• Directions:
Every line from the one holding "Set of fresh" through the one holding "The Serpentine Sackler" in the data below must be returned exactly, both ends included, with pictures left out and nothing else added.

• Records supplied:
- - -
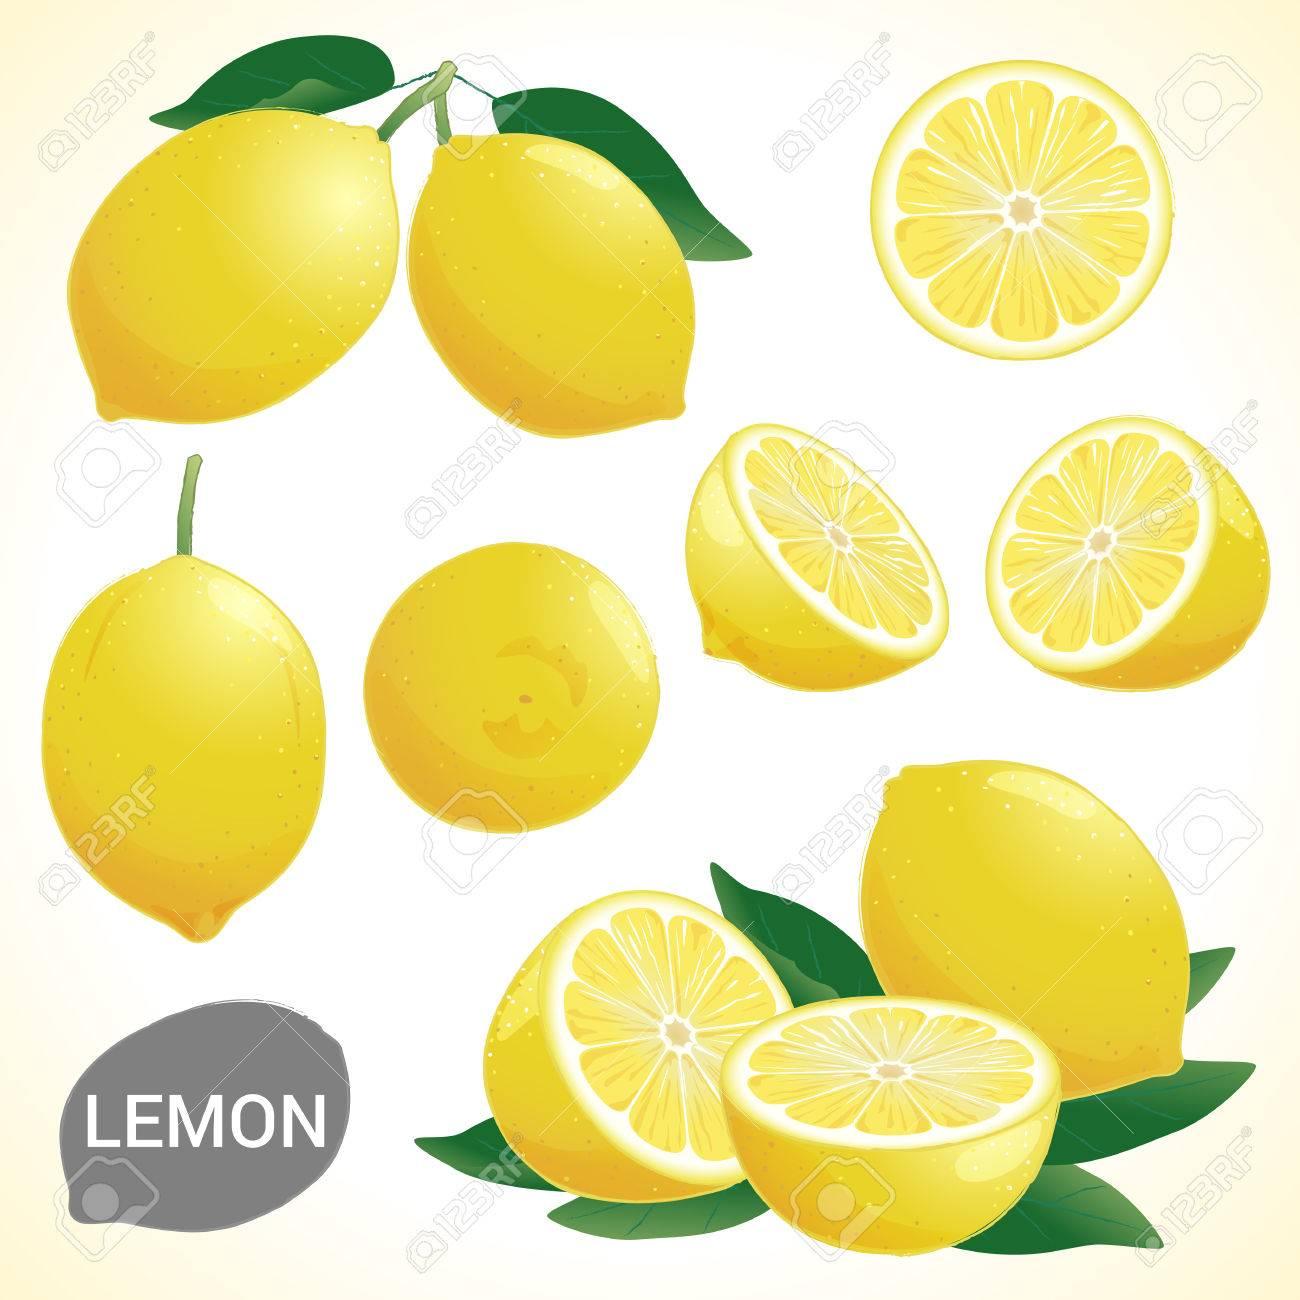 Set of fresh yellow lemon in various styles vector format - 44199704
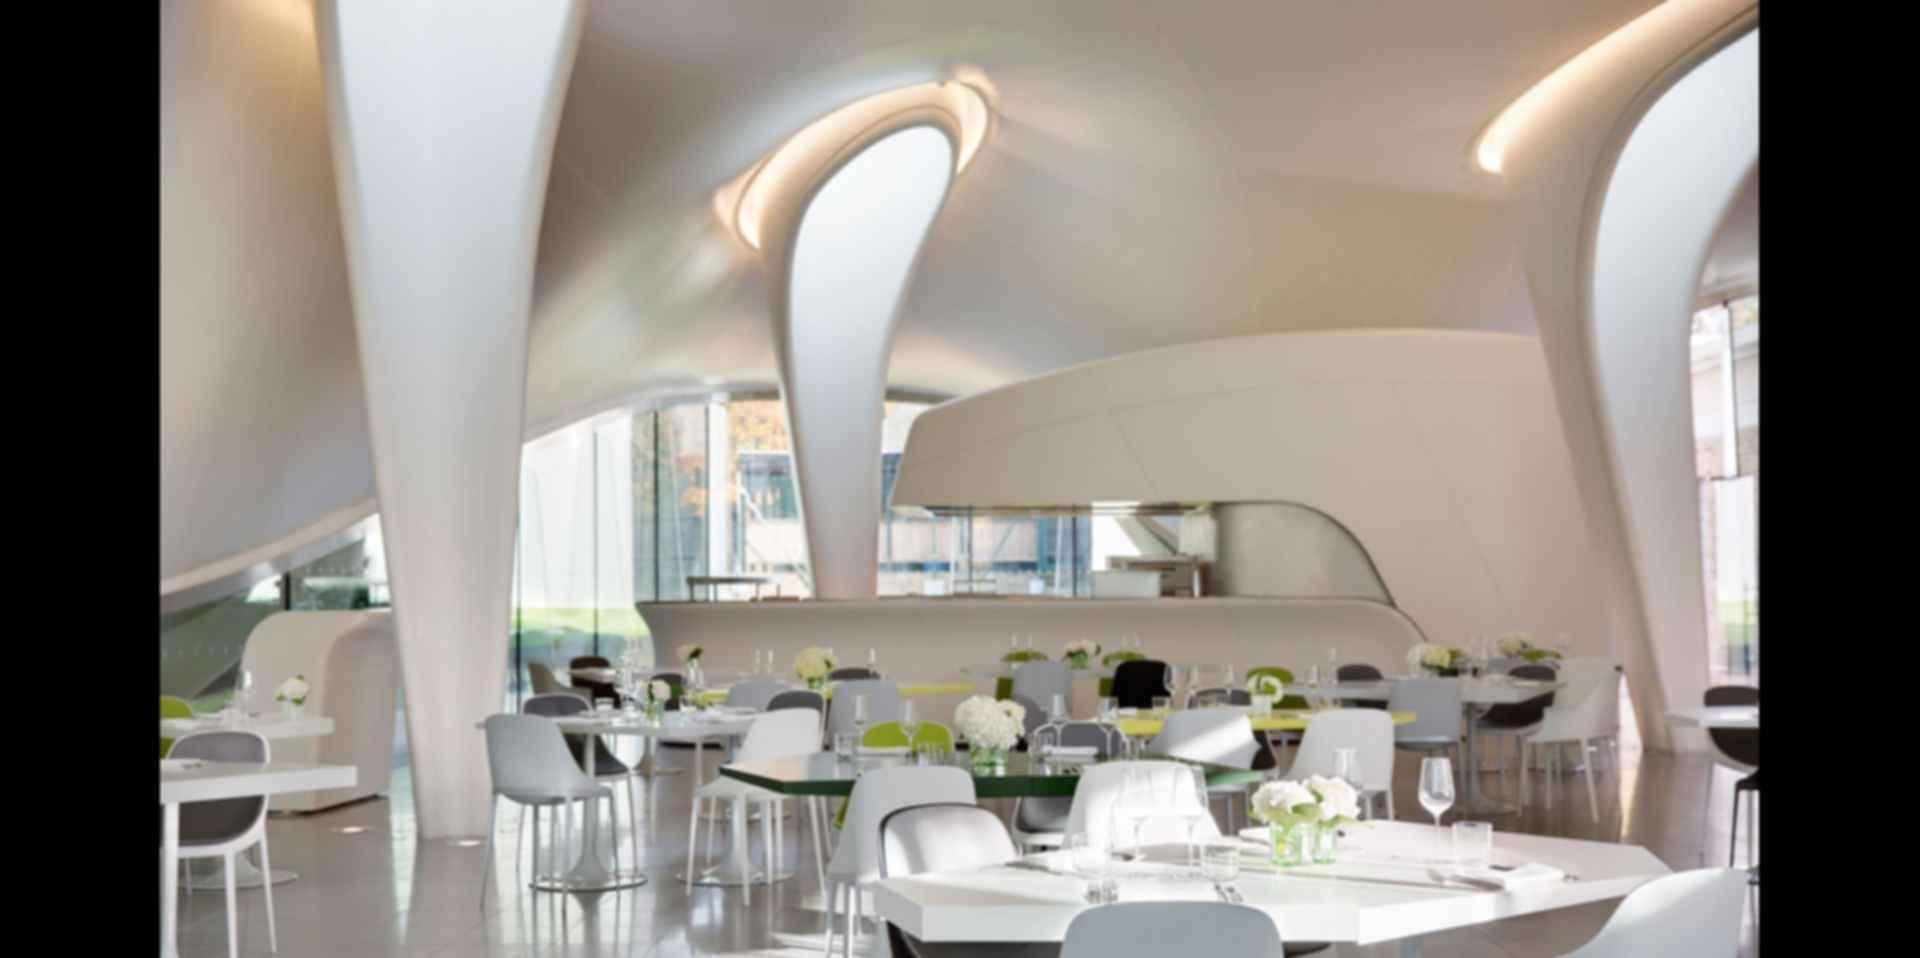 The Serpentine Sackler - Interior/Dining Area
- - -
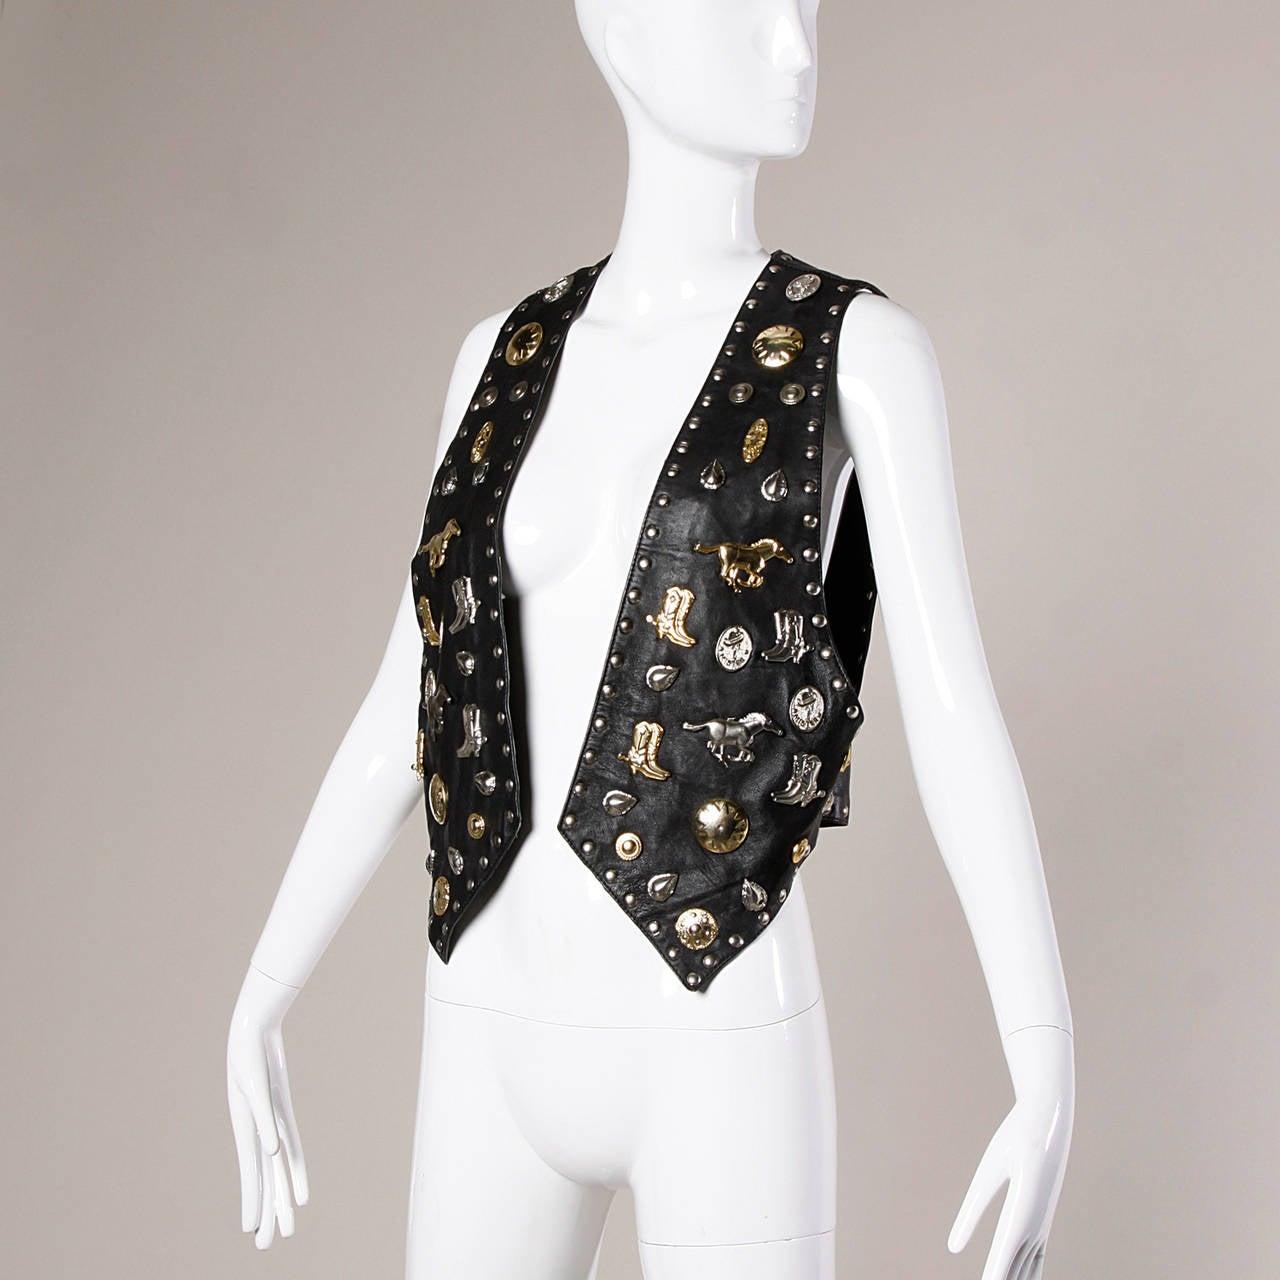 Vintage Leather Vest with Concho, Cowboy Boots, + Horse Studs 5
- - -
• Your response:
 Set of fresh yellow lemon in various styles vector format - 44199704
 The Serpentine Sackler - Interior/Dining Area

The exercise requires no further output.